The Book of Mormon: Natural Humanity

Contributed by Kristen

I held you in my arms, Caitlin Connolly

My baby is almost 5 months old. My journal entries for the past few weeks have consistently started with “this stage is so hard” followed by some crying emojis. Of course it’s also wonderful and adorable and sweet but wow, I am tired. Everyone on the internet knows best. Everyone only wants to help. And I am so tired, so full of wanting to do right by my tiny child who is so still a part of me. I want to be endlessly patient. I want to want to hold him whenever he wants to be held. I want to cherish these moments. But, as I cried to my husband last night, I am human!

Recently, a beloved friend asked me what I thought about a phrase found in the Book of Mormon: “the natural man is an enemy to God.” It’s a pretty potent phrase, similar to sentiments Paul uses in the New Testament. In fact, the idea of a corrupt ‘natural’ state has been deeply influential in Christian history—the Patistics are now famous for what might fairly be called a revulsion for the body (especially the female body). The body, in all its carnality, is traditionally associated with the natural, fallen state of humanity. My lament disparaging my bodily craving for sleep makes sense in this framework. My goal in this frame ought to be overcoming my bodily limitations to tap into the spiritual (which is ostensibly unbound by physical limits). The natural man is an enemy to God, after all, suggesting a deity who distains the muddy murkiness of limits and human nature, our cravings and longings and weaknesses and fleshiness. 

But if I can’t imagine God in my most human moments, my moments of greatest humanity are also likely to be my moments of greatest shame and loneliness. 

One of my favorite authors, Rachel Naomi Remen, writes beautifully about our “life force”: 

“Accidents and natural disasters often cause people to feel that life is fragile. In my experience, life can change abruptly and end without warning, but life is not fragile. There is a difference between impermanence and fragility… There is a tenacity toward life which is present at the intracellular level without which even the most sophisticated of medical interventions would not succeed.” (Kitchen Table Wisdom, page 8). 

Sometimes our life force shows up as rage, exhaustion, or hunger. It is, in short, the tenacious urge to life. My precious baby has it, and so do l. 

I want to suggest that this life force, this will to live, is our deepest, most natural state. It is, perhaps, the natural human. It is not always expressed in healthy or appropriate ways (thus the relevance of a spiritual path). It is strong, powerful, and universal. At the depths of our beings, across our many differences, we want to live. I think this is the story of the Book of Mormon: the story of life forces played out, beautifully and miserably. Their will to live, like ours, became perverted and violent at times. The historical characters, like us, witness and perpetrate abhorrent horrors and cruelties. They imagine and encounter God in gentle, loving, maternal images and in violent, warfaring ones. There is family conflict, murder, violence of many kinds, and genocide.
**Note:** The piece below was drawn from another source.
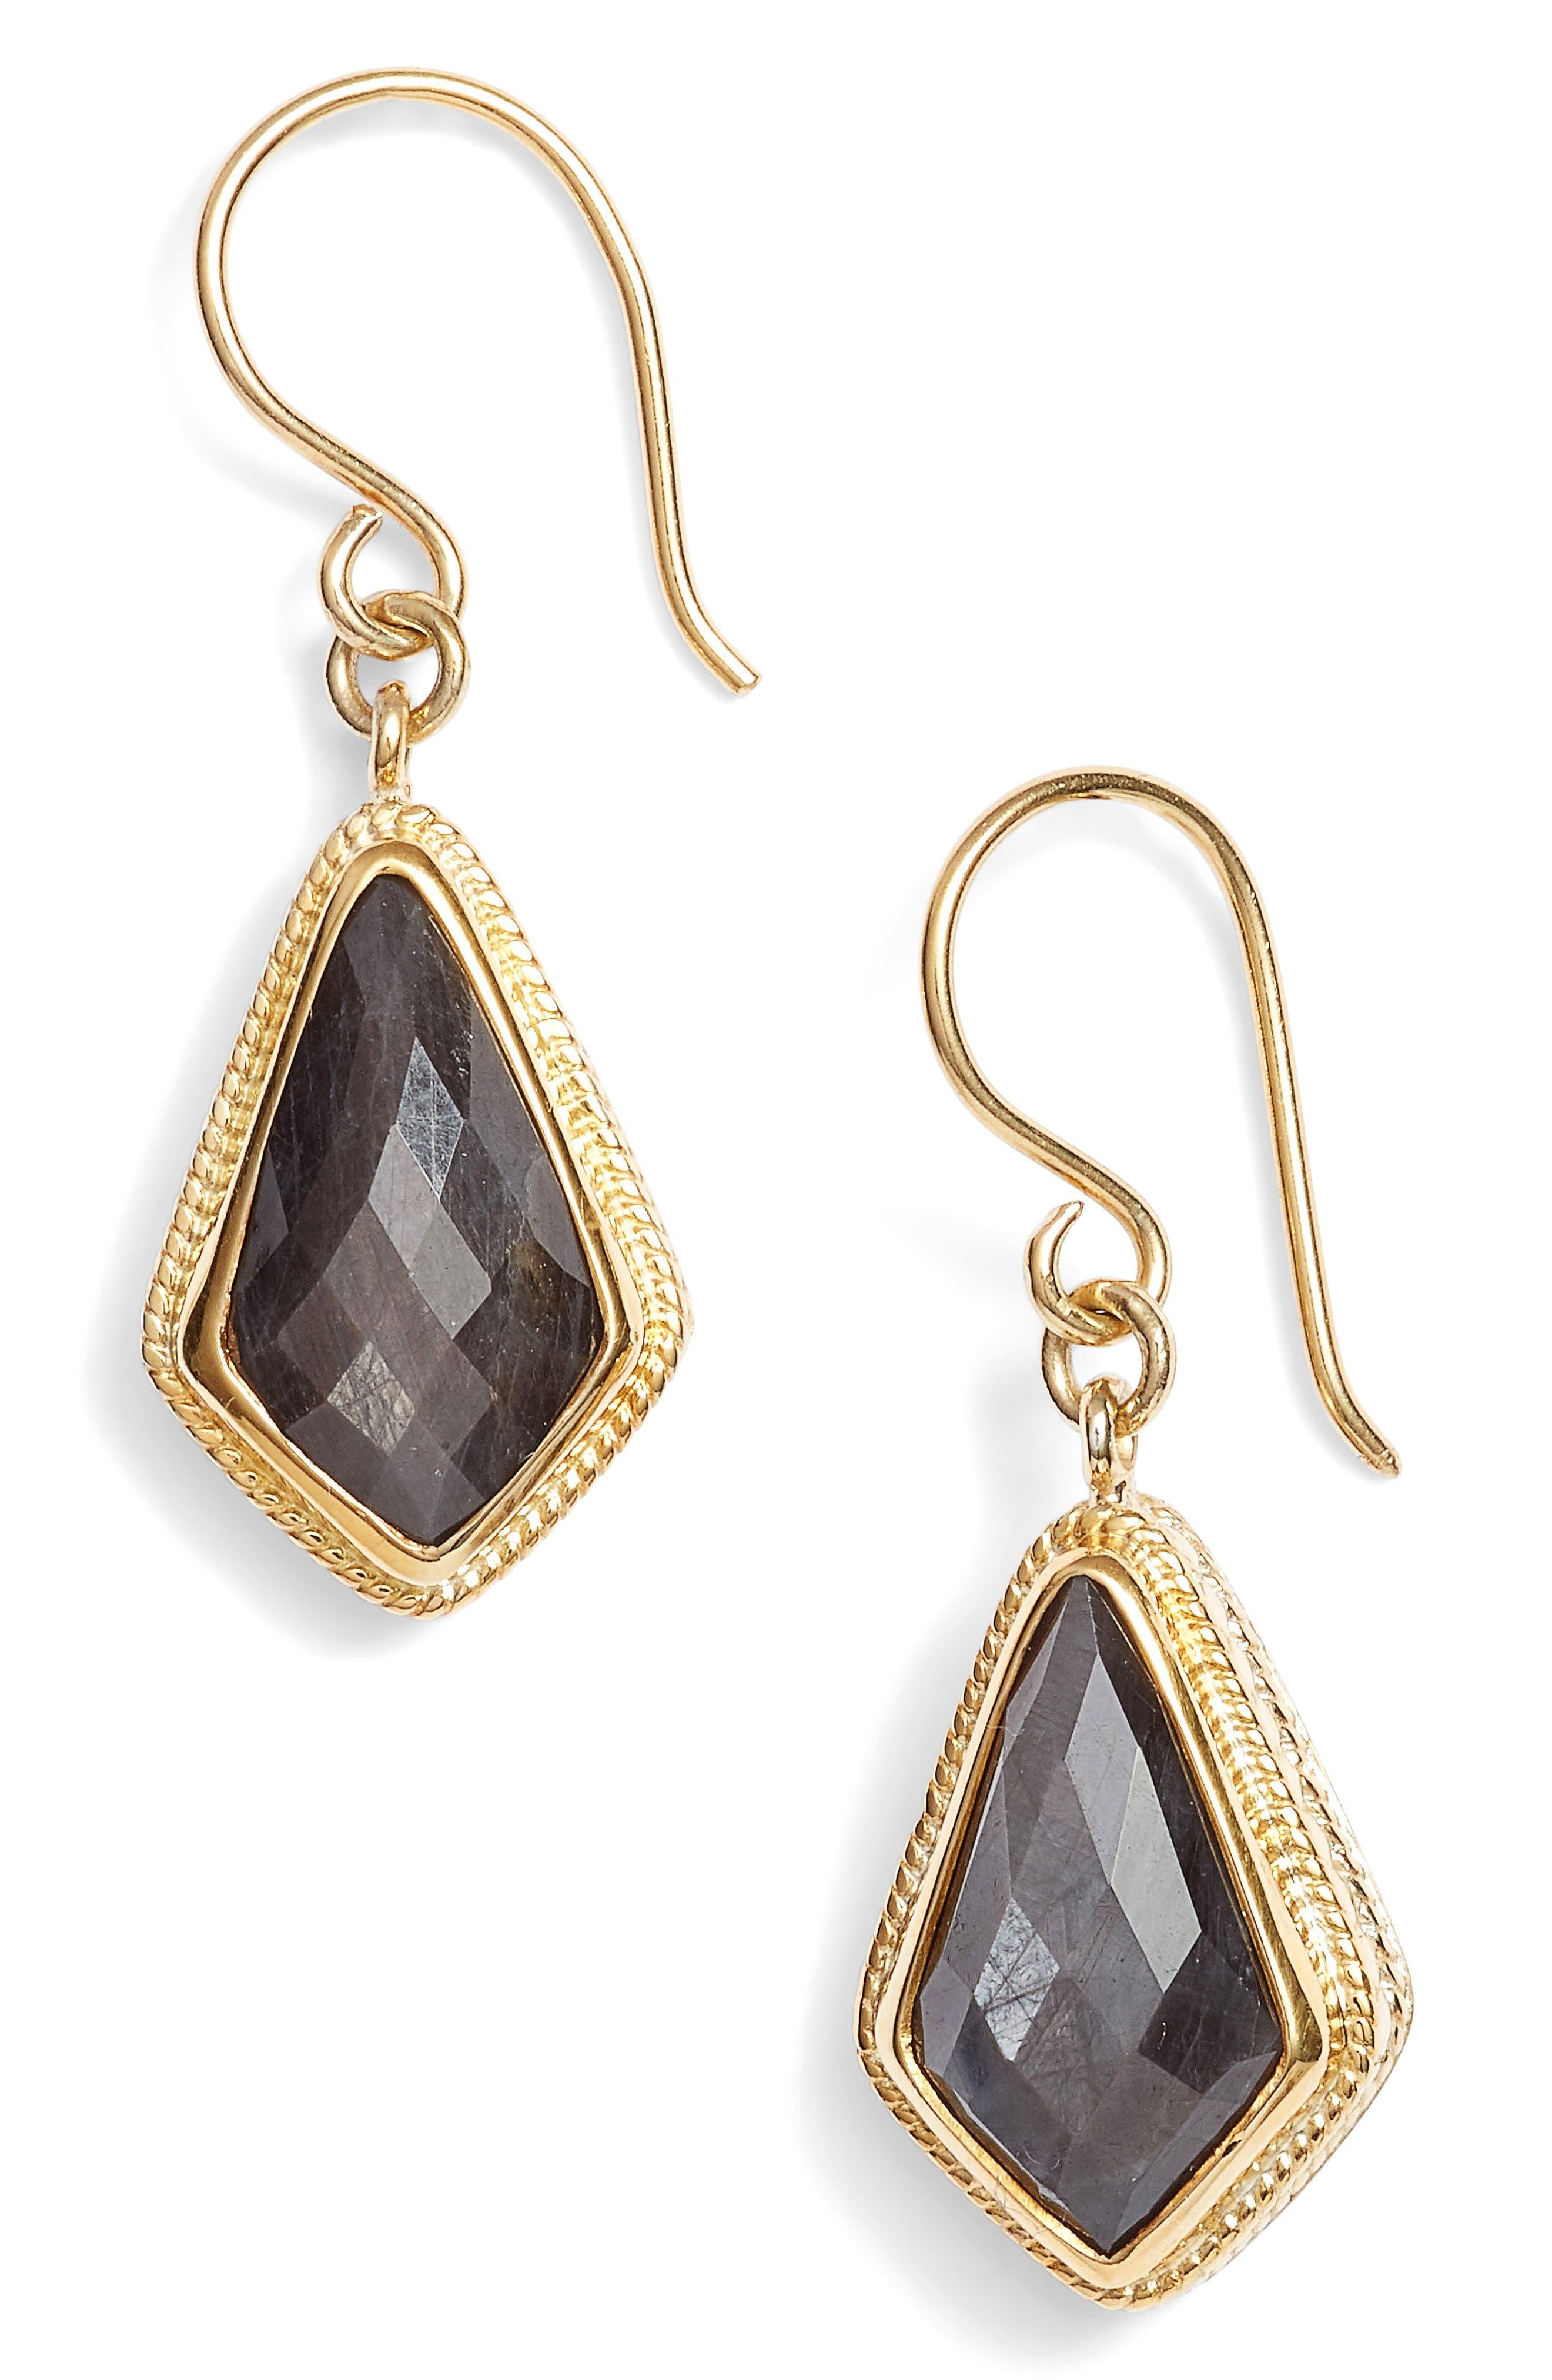 Main Image - Anna Beck Grey Sapphire Kite Earrings

Whether we read this as a historical or fictional text, the Book of Momon stories are deeply relevant because they are human stories. Stories about our life force, both beautiful and miserable.

I do not think the natural man is an enemy to God. I do not think God is at war with us. I think God is with us, in our greatest humanity. I do think God draws us tenderly toward life that is less constrained by the barriers we erect. This is the work of spiritual healing, of wholeness and life. Book of Mormon characters find their own meaning, their own questions and answers, their own resolutions. They encounter mystery and make sense of it. They are human. 

I held my boy’s tiny hands last night and cradled him to sleep. The night was long and hard, and I am tired. That is my life force. It is strong, trying to keep me and my baby alive. But what I find in the Book of Mormon brings comfort to my weary body in a deeper way.  My life force, my natural woman, is my door to God. It is flung wide open, wild and fierce and fecund, and I can nourish it with all the tenderness I possess. I am learning how to nourish my life force, how to listen to anger, and hunger, and exhaustion. My little one will learn too, but for now his life force is his whole being. Someday, perhaps I will learn to become like him again. For now, I will read the Book of Mormon as a mother, hungry for life and love. And I believe in what I know I will find: God, in the wilderness, among us, alive.